Another comprehensive study by the Fraser Institute found that immigration costs Canadian taxpayers some $24 billion per year—and this was using data from nearly a decade ago. The number has since increased significantly, as Canada has one of the highest immigration rates, adjusted for population, of any Western nation. The details are not worth delving into, but suffice it to say that this simply adds more evidence atop the mounting heap.

A final study worth mentioning comes out of the UK, and was conducted by the University College of London. The report found the value of immigration to the economy was contingent upon the immigrants’ country of origin. This may not be politically correct (no fact is), but it conforms to the data from Denmark. The study looked at the labor government’s mass immigration push between 1995 and 2011. Researchers found that immigrants from the European Economic Area made a small, but positive net contribution to the British economy of £4.4 billion (roughly $5.7 billion) during the period. However, during the same period non-European immigrants (primarily from South Asia, the Middle East, and Africa) cost the British economy a net £120 billion (around $157.6 billion). Essentially, the type of immigrant matters.

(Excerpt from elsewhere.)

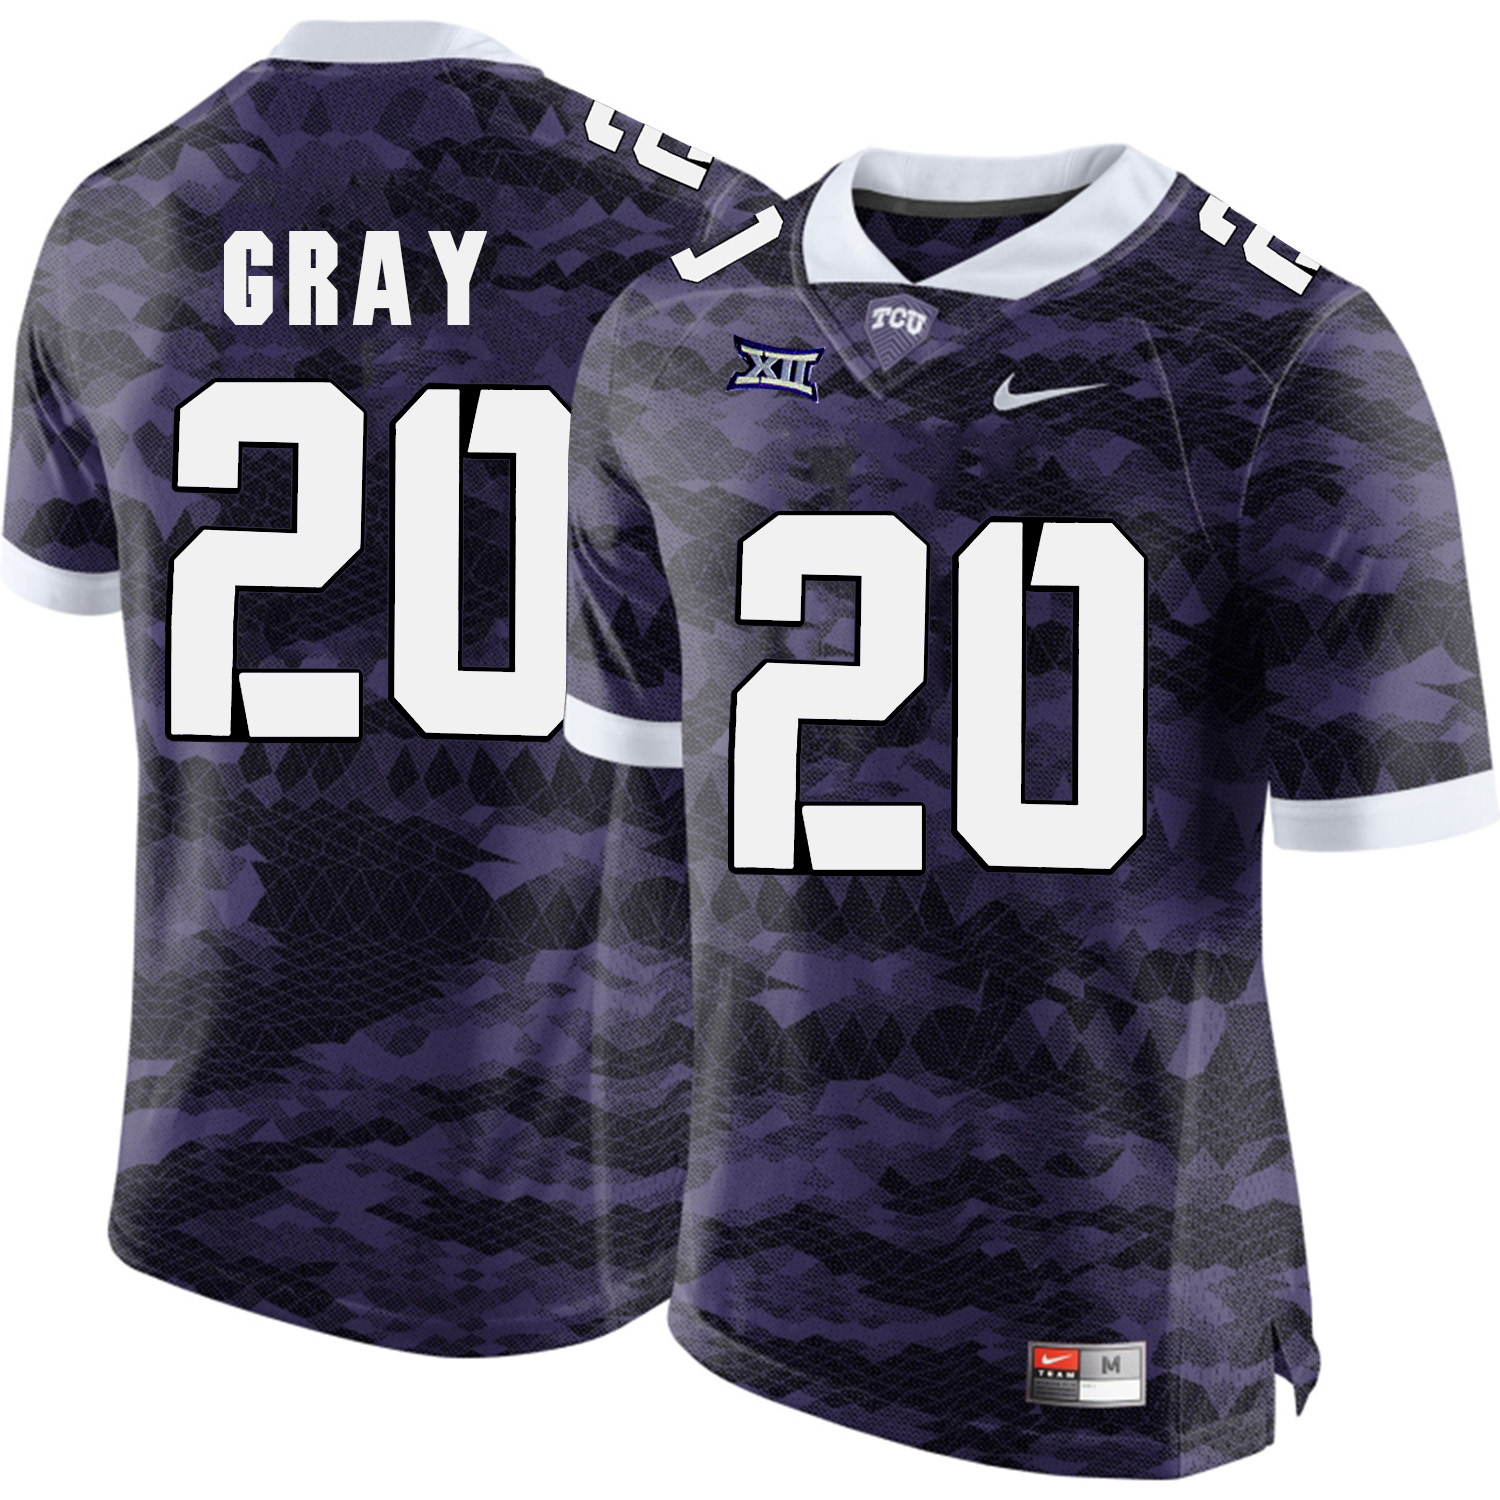 TCU Horned Frogs 20 Deante Gray Purple College Football Limited Jersey

Taken together, the studies prove the theoretical point: immigration does not cause economic growth. At best, mass immigration is a relatively benign force, while at worst it is devastatingly expensive.

Why the RAISE Act Would Benefit America’s Economy
The RAISE Act would benefit America’s economy in at least two ways. First, the legislation would reduce the overall level of immigration significantly. Second, it would better-calibrate the type of immigrant coming to the United States.

Reducing the overall level of immigration is important because America’s economy does not need additional labor: the labor market is already over-saturated as it is. Real unemployment remains high and there is no sense exacerbating the problem. Furthermore, fewer immigrants would help improve working conditions and wages for U.S. citizens. This has already begun in a few locations (albeit for different reasons)—the logic is sound and empirically valid.

And, of course, fewer low-skilled immigrants means fewer people on welfare.

The RAISE Act also ensures that America gets high-quality, skilled immigrants, by prioritizing people with particular skills. These are the type of immigrants who are most likely to help expand the economy in the long run—immigrants that U.S. policy should have been targeting for decades.

All things considered, the RAISE Act may be precisely what the United States needs. If President Trump were to sign the RAISE Act and do nothing else, he would have done more for America than any president since Dwight Eisenhower.